2. Section 10A which was inserted by Act XXXVI of 1956 reads as follows:

(1) Where any industrial dispute exists or is apprehended and the employer and the workmen agree to refer the dispute to arbitration, they may, at any time, before the dispute has been referred under Section 10 to a labour court or tribunal or national tribunal, by a written agreement, refer the dispute to arbitration and the reference shall be to such person or persons (including the presiding officer of a labour court or tribunal or national tribunal) as an arbitrator or arbitrators as may be specified in the arbitration agreement.

(2) An arbitration agreement referred to in Sub-section (1) shall be in such form and shall be signed by the parties thereto in such manner as may be prescribed.

(3) A copy of the arbitration agreement shall be forwarded to the appropriate Government and the conciliation officer and the appropriate Government shall, within fourteen days from the date of the receipt of such copy, publish the same in the official Gazette.

(4) The arbitrator or arbitrators shall Investigate the dispute and submit to the appropriate Government the arbitration award signed by the arbitrator or all the arbitrators, as the case may be.

(5) Nothing in the Arbitration Act, 1940 (X of 1940), shall apply to arbitrations under this section.

3. Section 17 of the Act provides for the publication of the award within a period of thirty days from the date of its receipt by the appropriate Government and Section 17A that it will become enforceable on the expiry of thirty days from the date of its publication under Section 17. Under Section 19 the award will remain in operation--subject to the provisions of that section--for a period of one year from the date on which it became enforceable under Section 17A of the Act.

4. The heading to Section 10A is 'Voluntary reference of disputes to arbitration,' and there is no doubt that the word 'voluntary' correctly sums up the nature of the reference under that section. The sole question for determination, therefore, is whether in the case of a reference which is voluntary, that is, one made without compulsion or legal obligation, the arbitration will attract the jurisdiction of this Court to issue a writ of certiorari. The learned Judge came to the conclusion that it will not. We too are of the same opinion.

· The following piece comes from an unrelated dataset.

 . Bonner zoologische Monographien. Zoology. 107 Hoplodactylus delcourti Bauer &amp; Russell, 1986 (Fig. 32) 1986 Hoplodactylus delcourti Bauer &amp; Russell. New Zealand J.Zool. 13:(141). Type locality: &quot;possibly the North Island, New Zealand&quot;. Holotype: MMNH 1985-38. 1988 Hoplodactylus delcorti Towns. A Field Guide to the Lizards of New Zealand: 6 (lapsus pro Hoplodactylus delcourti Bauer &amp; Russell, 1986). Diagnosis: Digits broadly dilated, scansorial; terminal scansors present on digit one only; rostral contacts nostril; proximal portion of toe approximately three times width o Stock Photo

5. In (1953) Q.B. 704 Lord Goddard, C.J.-adapting the words of Lord Sumner in a well-known case--said that never during the many centuries that have passed since reports of the decisions of English Courts first began, is there any trace of an arbitrator being controlled by this Court either by writ of prohibition or certiorari, and:

There is no instance of which I know in the books where certiorari or prohibition has gone to any arbitrator except a statutory arbitrator, and a statutory arbitrator is a person to whom by statute the parties must resort.

6. The arbitrator under Section 10A of the Act is not an arbitrator to whom by statute the parties must resort, and it must follow that no writ can be directed against him or his award.

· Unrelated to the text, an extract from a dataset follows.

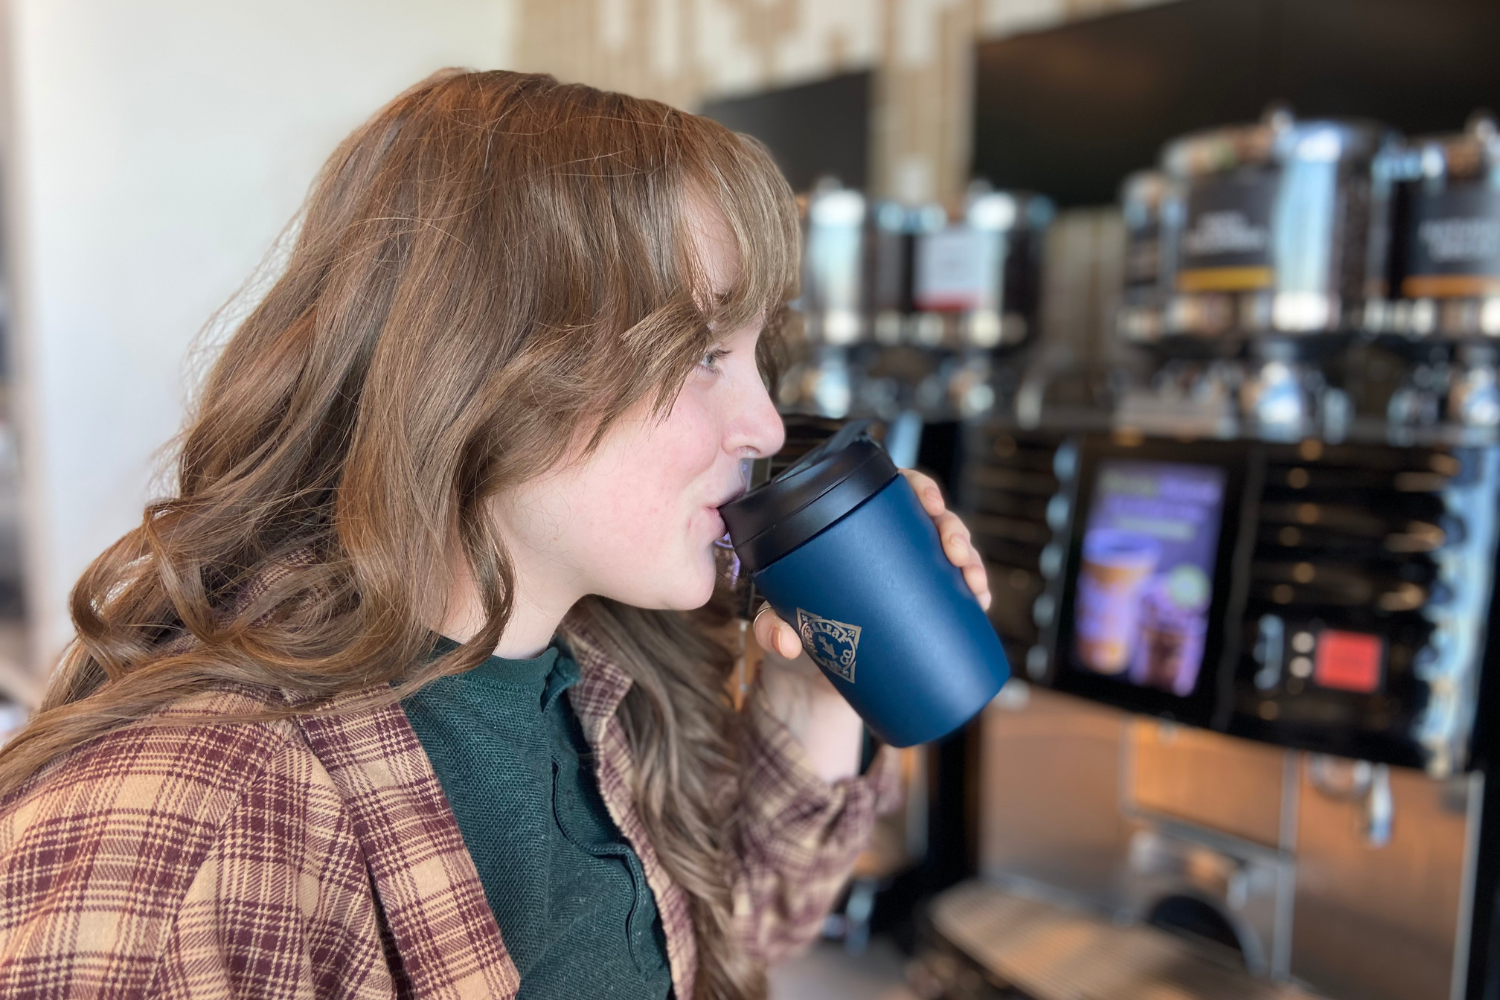 A girl drinking out of an insulated travel mug inside a gas station

7. We think it should be taken as settled law that today neither prohibition nor certiorari will issue to a body exercising a Jurisdiction that is other than statutory. In other words, they will not issue to a private arbitral body which derives its jurisdiction from contract, or to a voluntary association which derives its jurisdiction from the consent of Its members [see Judicial Review of Administrative Action, by S.A. De Smith, p. 275.]

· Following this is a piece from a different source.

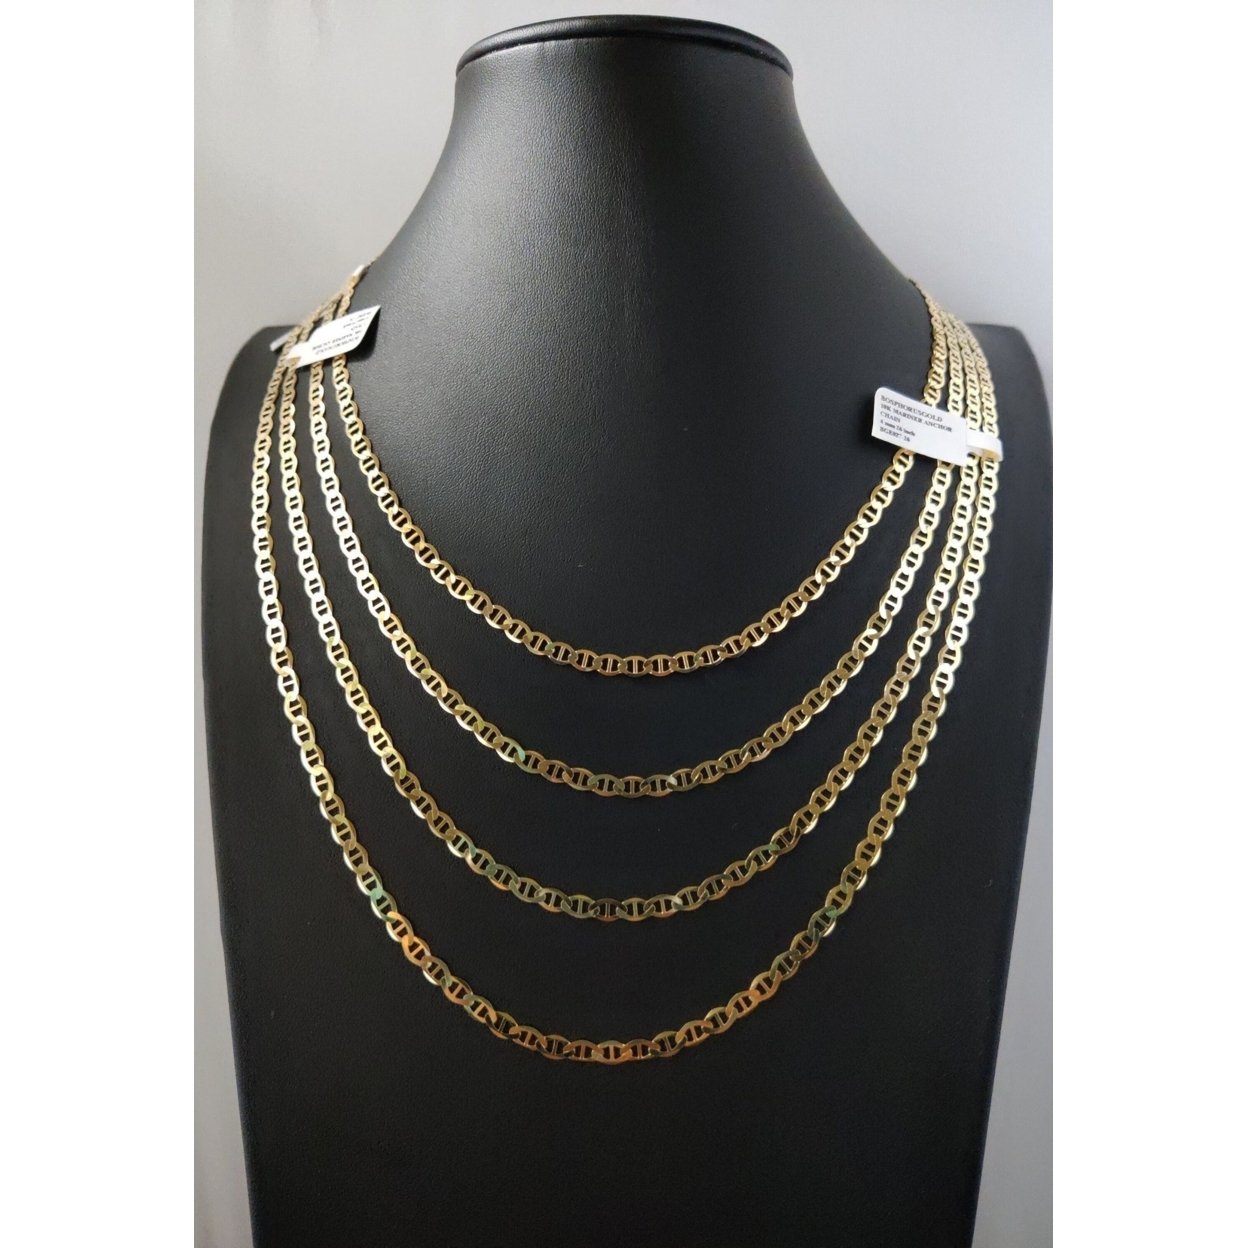 Yellow Gold Filled High Polish Finsh Chain Necklace,Mariner Chain Necklace,Necklace,Gold Necklace, Mariner Necklace, - 22''

8. There are statutes which make arbitration compulsory for the settlement of disputes. For example, Section 16(1) of the (English) Agricultural Holdings Act, 1923, provided that any question or difference in respect of the matters specified in that section shall be determined by a single arbitrator in accordance with the provisions set out in Schedule II to that Act. A writ will certainly lie in such a case, and it was so held in (1925) 94 L.J.K.B. 433.

9. Our attention was drawn to 1962-I L.L.J. 31 which contains a discussion of the judgment under appeal. We are unable to find anything in that judgment which compels or induces a conclusion different from that of Velu Pillal, J.

10. In the light of what is stated above, this appeal has to be dismissed and we do so. In the circumstances of the case, however, there will be no order as to costs.